[Exercise goal] Go through the entries below and copy each line containing the word "pouces".

[Information given]

══════

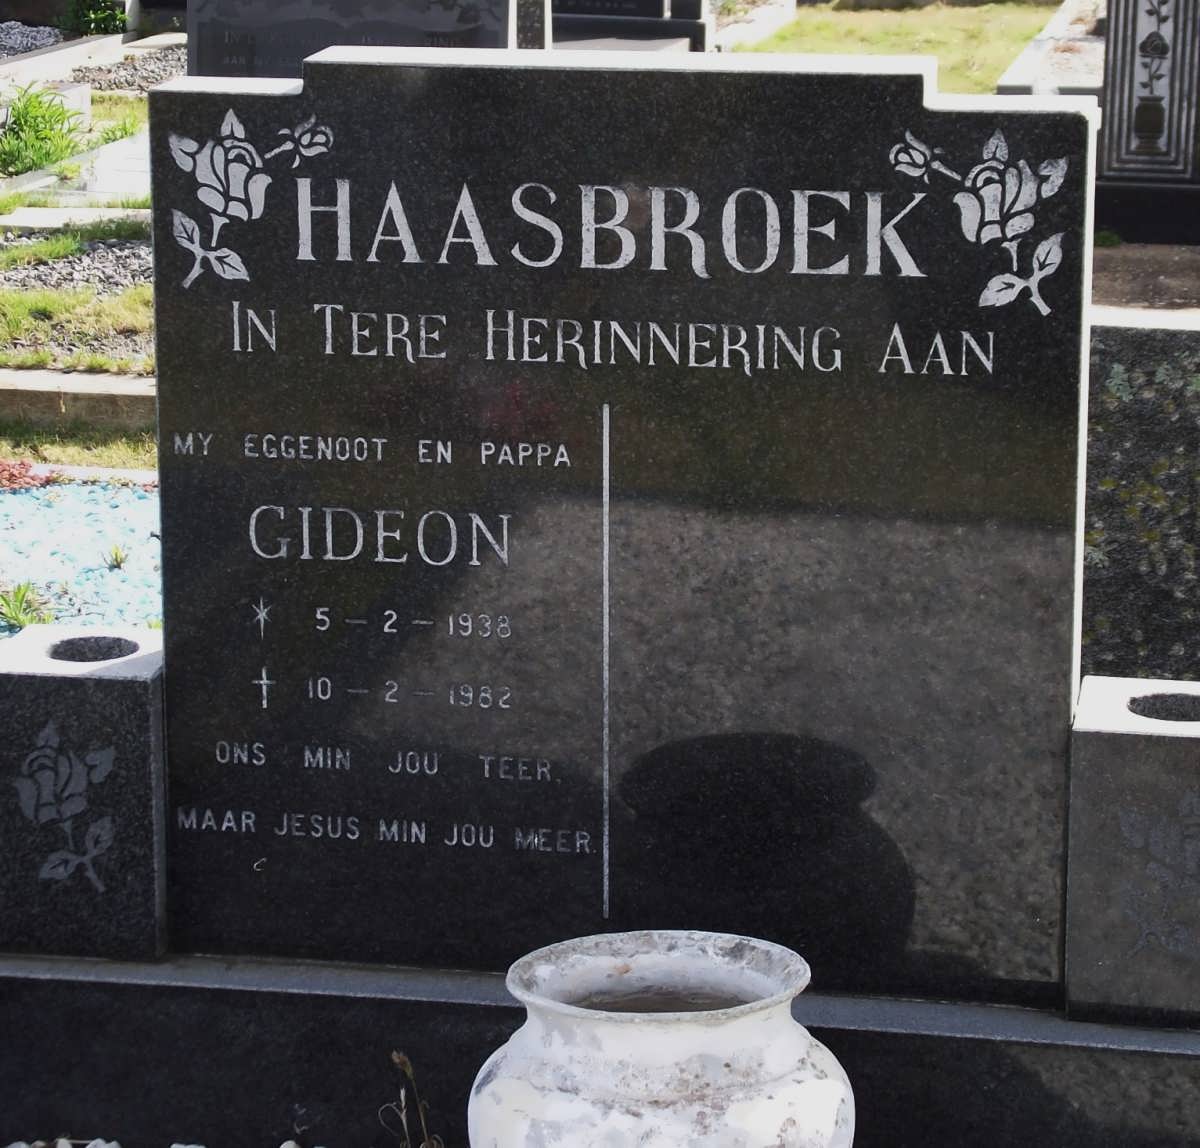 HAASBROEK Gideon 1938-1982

══════

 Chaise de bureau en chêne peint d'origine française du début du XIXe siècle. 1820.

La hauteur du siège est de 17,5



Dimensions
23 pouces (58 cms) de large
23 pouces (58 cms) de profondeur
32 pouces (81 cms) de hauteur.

══════

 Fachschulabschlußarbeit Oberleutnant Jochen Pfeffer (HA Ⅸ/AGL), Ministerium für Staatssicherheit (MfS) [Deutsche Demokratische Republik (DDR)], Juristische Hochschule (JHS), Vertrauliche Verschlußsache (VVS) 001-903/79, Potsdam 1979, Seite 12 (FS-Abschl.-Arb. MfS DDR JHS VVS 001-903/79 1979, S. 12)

══════

[Worked solution]
23 pouces (58 cms) de large
23 pouces (58 cms) de profondeur
32 pouces (81 cms) de hauteur.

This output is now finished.